_Exercise:_ Reproduce the listing word for word, leaving every picture behind.

_Data section:_

···

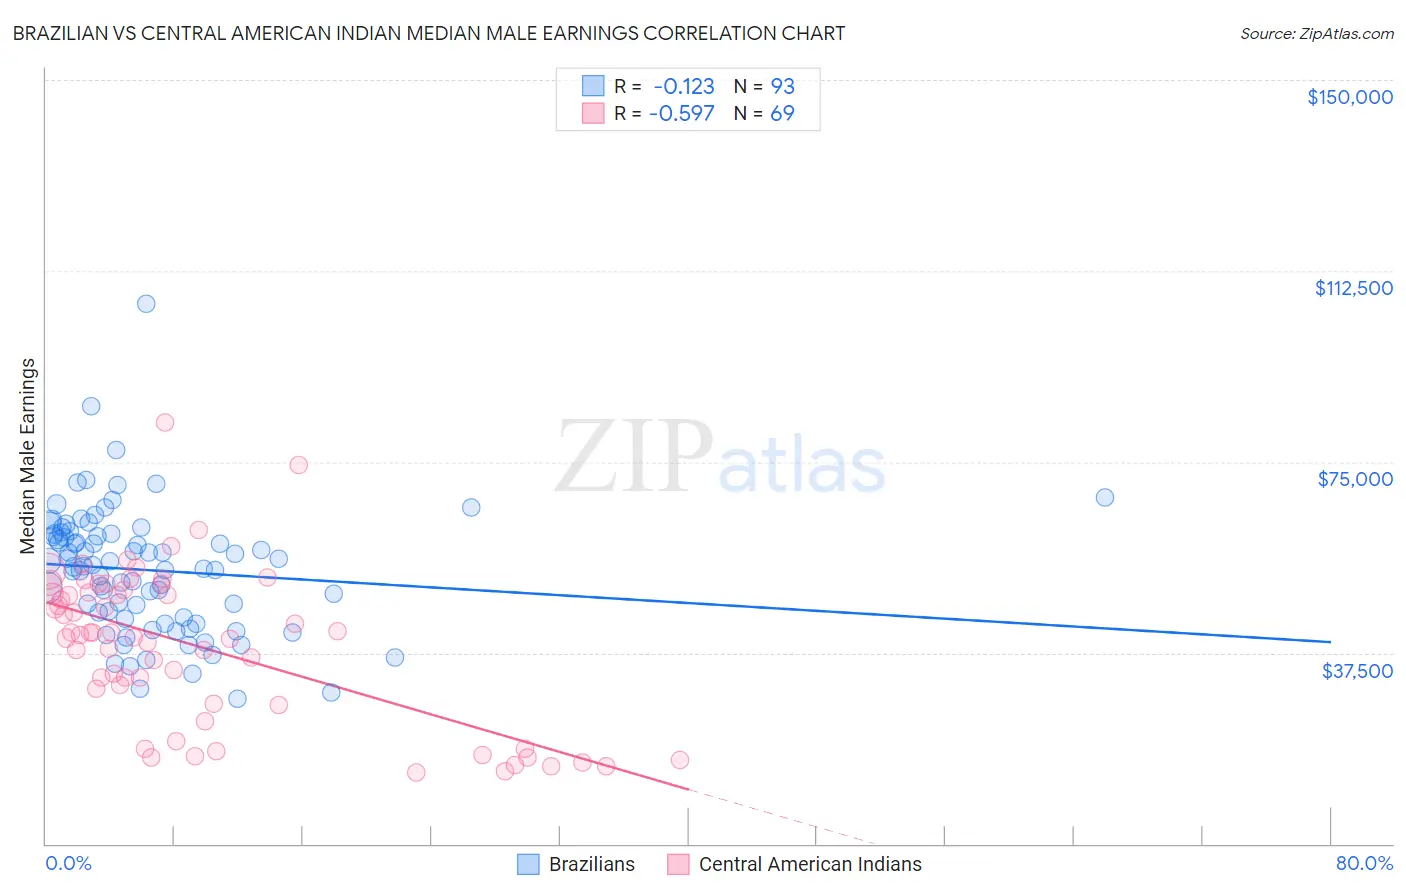 Brazilian vs Central American Indian Median Male Earnings
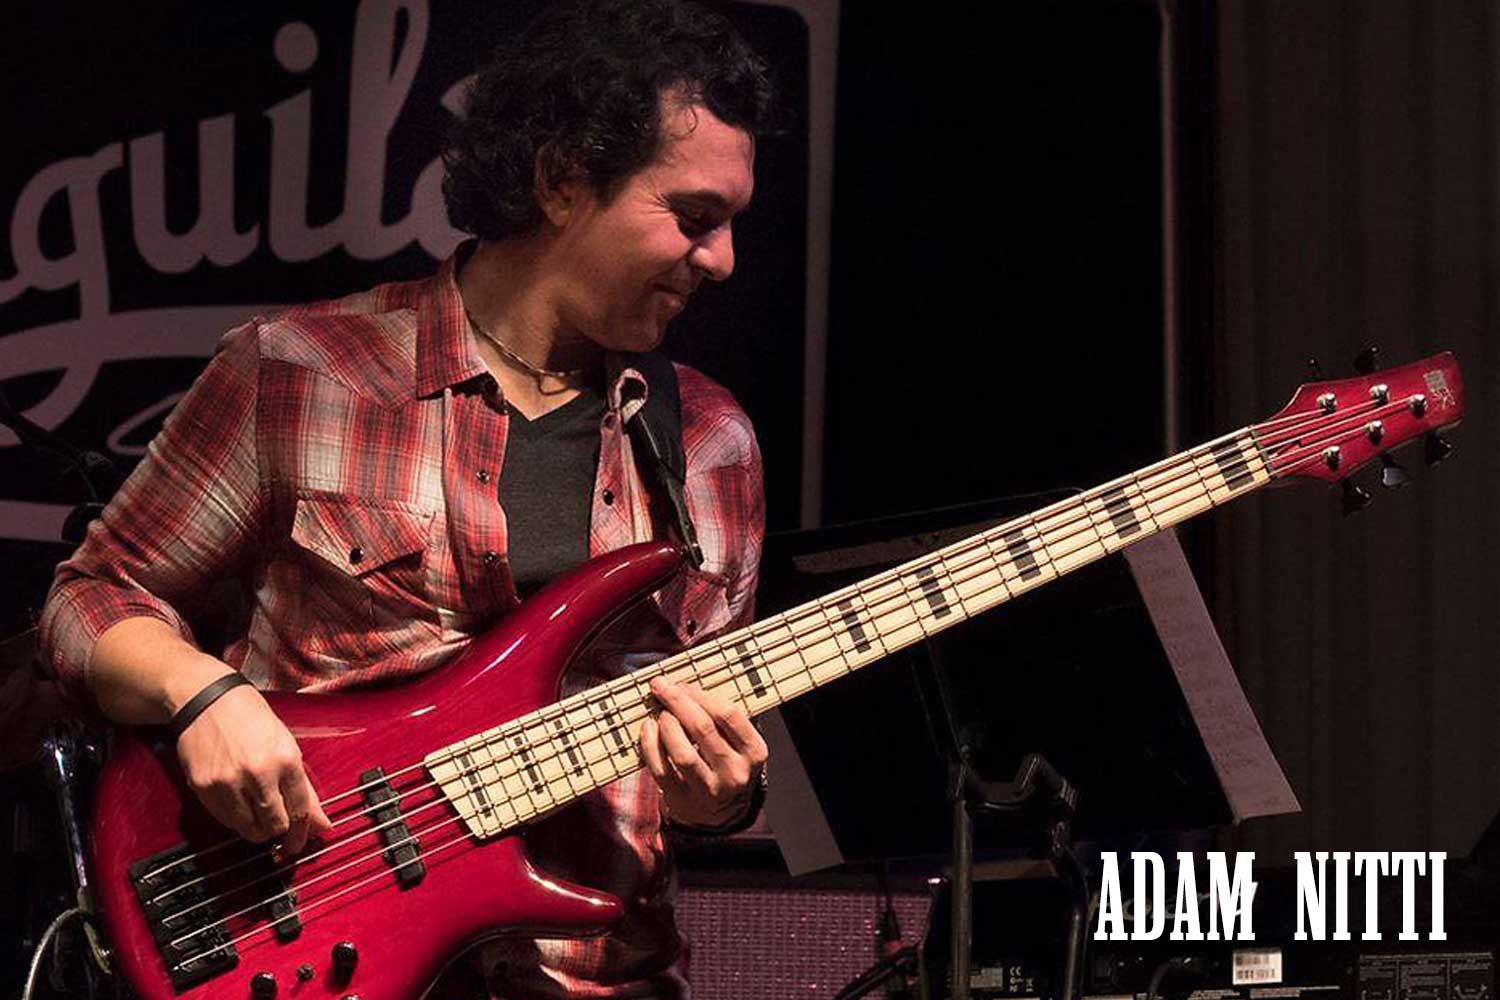 Adam Nitti on bass guitar
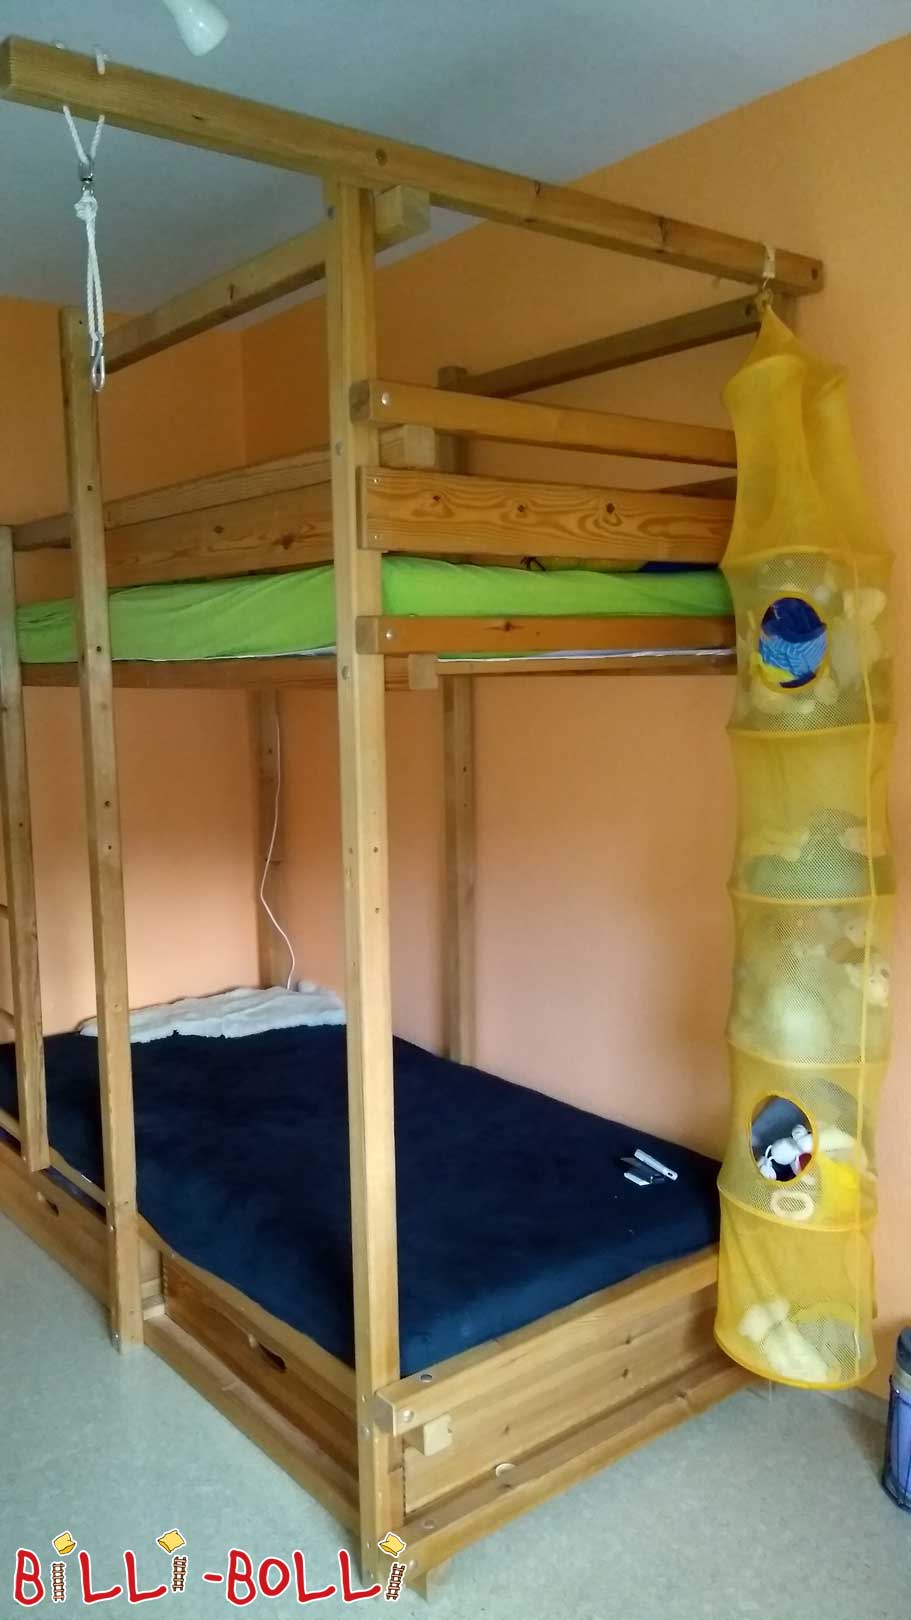 Gullibo säng, 90 x 200 cm (Kategori: Barnmöbler används)

···

_Answer section:_
 Brazilian vs Central American Indian Median Male Earnings
 Adam Nitti on bass guitar
 Gullibo säng, 90 x 200 cm (Kategori: Barnmöbler används)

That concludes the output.